Par un mémoire en défense, enregistré 7 avril 2025, le préfet de la Haute-Saône conclut au rejet de la requête.
Le préfet soutient que les moyens soulevés par M. C ne sont pas fondés.
M. C a obtenu le bénéfice de l’aide juridictionnelle totale par une décision du 9 mai 2025.
Vu les autres pièces du dossier.
Vu :
— le code de l’entrée et du séjour des étrangers et du droit d’asile ;
— la loi n° 91-647 du 10 juillet 1991 ;
— le code de justice administrative.
La présidente de la formation de jugement a dispensé le rapporteur public, sur sa proposition, de prononcer des conclusions à l’audience.
Les parties ont été régulièrement averties du jour de l’audience.
Ont été entendus au cours de l’audience publique :
— le rapport de M. Seytel,
— les observations de Me Diaz pour M. C.
Considérant ce qui suit :
1. M. C, de nationalité guinéenne, a fait l’objet, le 8 octobre 2024, d’une obligation de quitter, sans délai, le territoire français et d’une interdiction de retour sur le territoire français d’une durée de deux ans. Le 8 octobre 2024, M. C a été assigné à résidence pour une durée de 45 jours, décision renouvelée les 18 novembre 2024 et 21 janvier 2025 pour la même durée. Par un arrêté du 7 mars 2025, dont M. C demande l’annulation, le préfet de la Haute-Saône l’a assigné à résidence dans ce département pour une durée de six mois dans l’attente de l’exécution de la mesure d’éloignement dont il fait l’objet.
Sur la légalité de la décision contestée :
2. En premier lieu, la décision contestée a été signée par M. B D, directeur de la citoyenneté, de l’immigration et des libertés publiques, lequel dispose d’une délégation de signature du préfet de la Haute-Saône édictée le 4 décembre 2024 et régulièrement publiée le même jour, à l’effet de signer « les assignations à résidence des étrangers en situation irrégulière ». Par suite, le moyen tiré de ce que l’arrêté contesté aurait été signé par une autorité qui n’était pas habilitée à cet effet manque en fait et doit être écarté.
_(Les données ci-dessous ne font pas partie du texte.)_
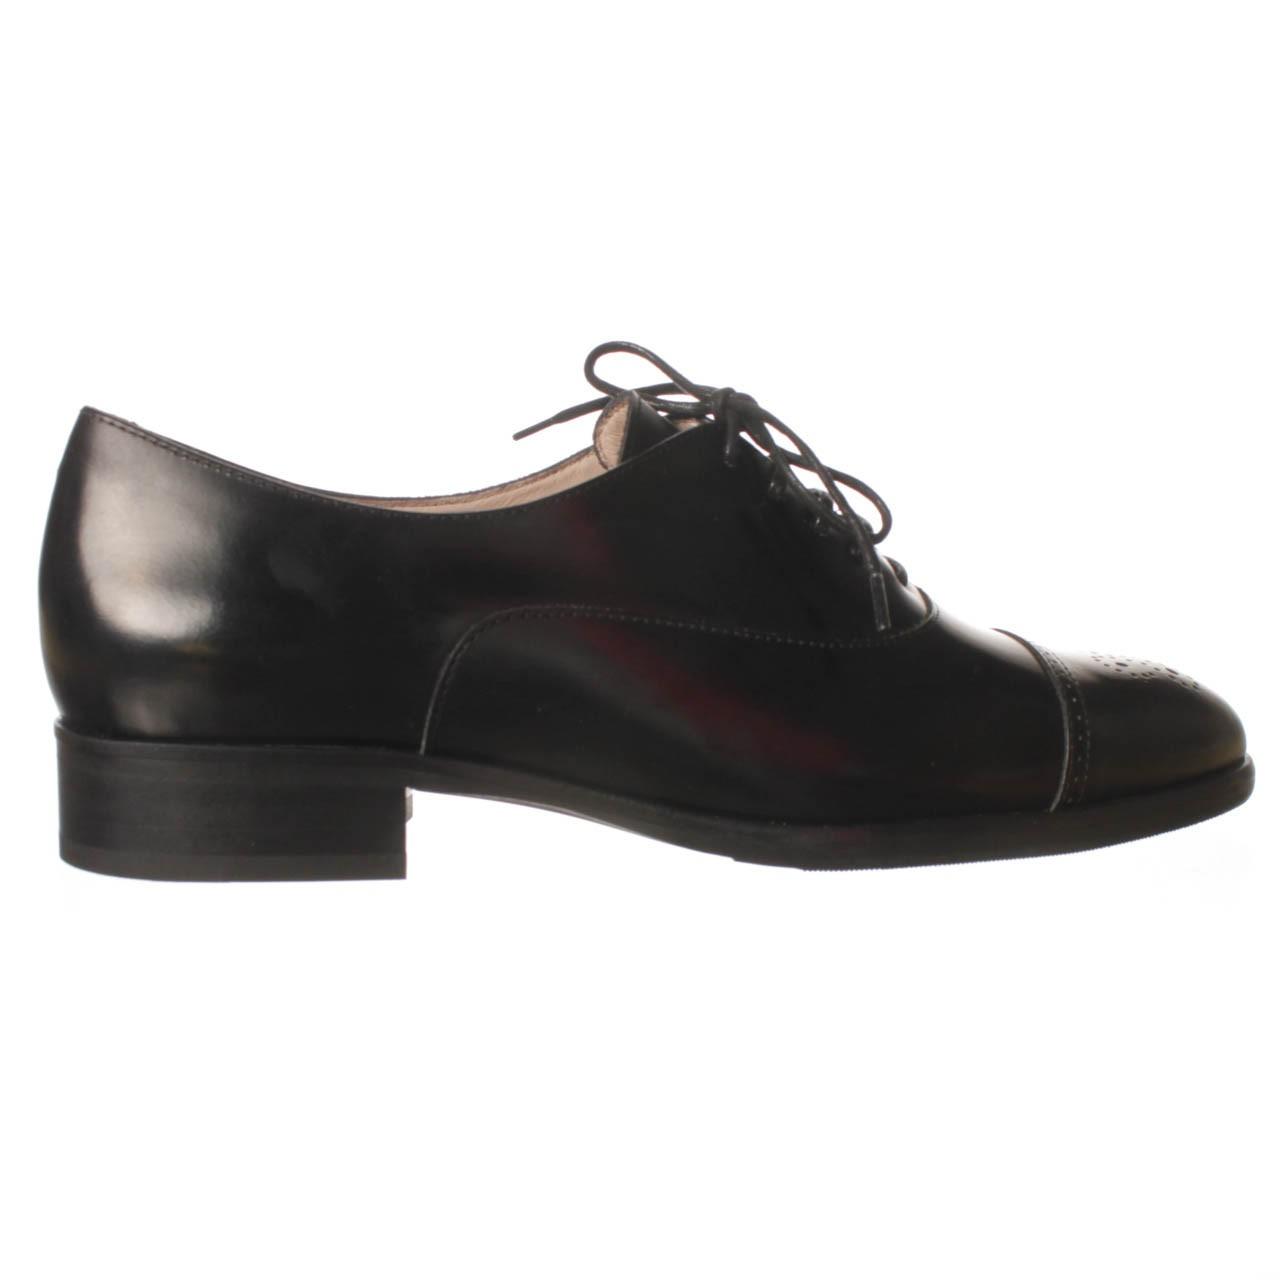 Hommes L.K. Bennett Piper Chaussures habillées 2NveqE

3. En deuxième lieu, aux termes du paragraphe 1 de l’article 41 de la Charte des droits fondamentaux de l’Union européenne : « 1. Toute personne a le droit de voir ses affaires traitées impartialement, équitablement et dans un délai raisonnable par les institutions et organes de l’Union / 2. Ce droit comporte notamment : / – le droit de toute personne d’être entendue avant qu’une mesure individuelle qui l’affecterait défavorablement ne soit prise à son encontre ». Il résulte de la jurisprudence de la Cour de justice de l’Union européenne qu’il revient au requérant d’établir devant le juge que les éléments qu’il n’a pas pu présenter à l’administration auraient pu influer sur le sens de cette décision et il appartient au juge saisi d’une telle demande de vérifier, lorsqu’il estime être en présence d’une irrégularité affectant le droit d’être entendu, si, eu égard à l’ensemble des circonstances de fait et de droit spécifiques de l’espèce, cette violation a effectivement privé celui qui l’invoque de la possibilité de mieux faire valoir sa défense dans une mesure telle que cette procédure administrative aurait pu aboutir à un résultat différent.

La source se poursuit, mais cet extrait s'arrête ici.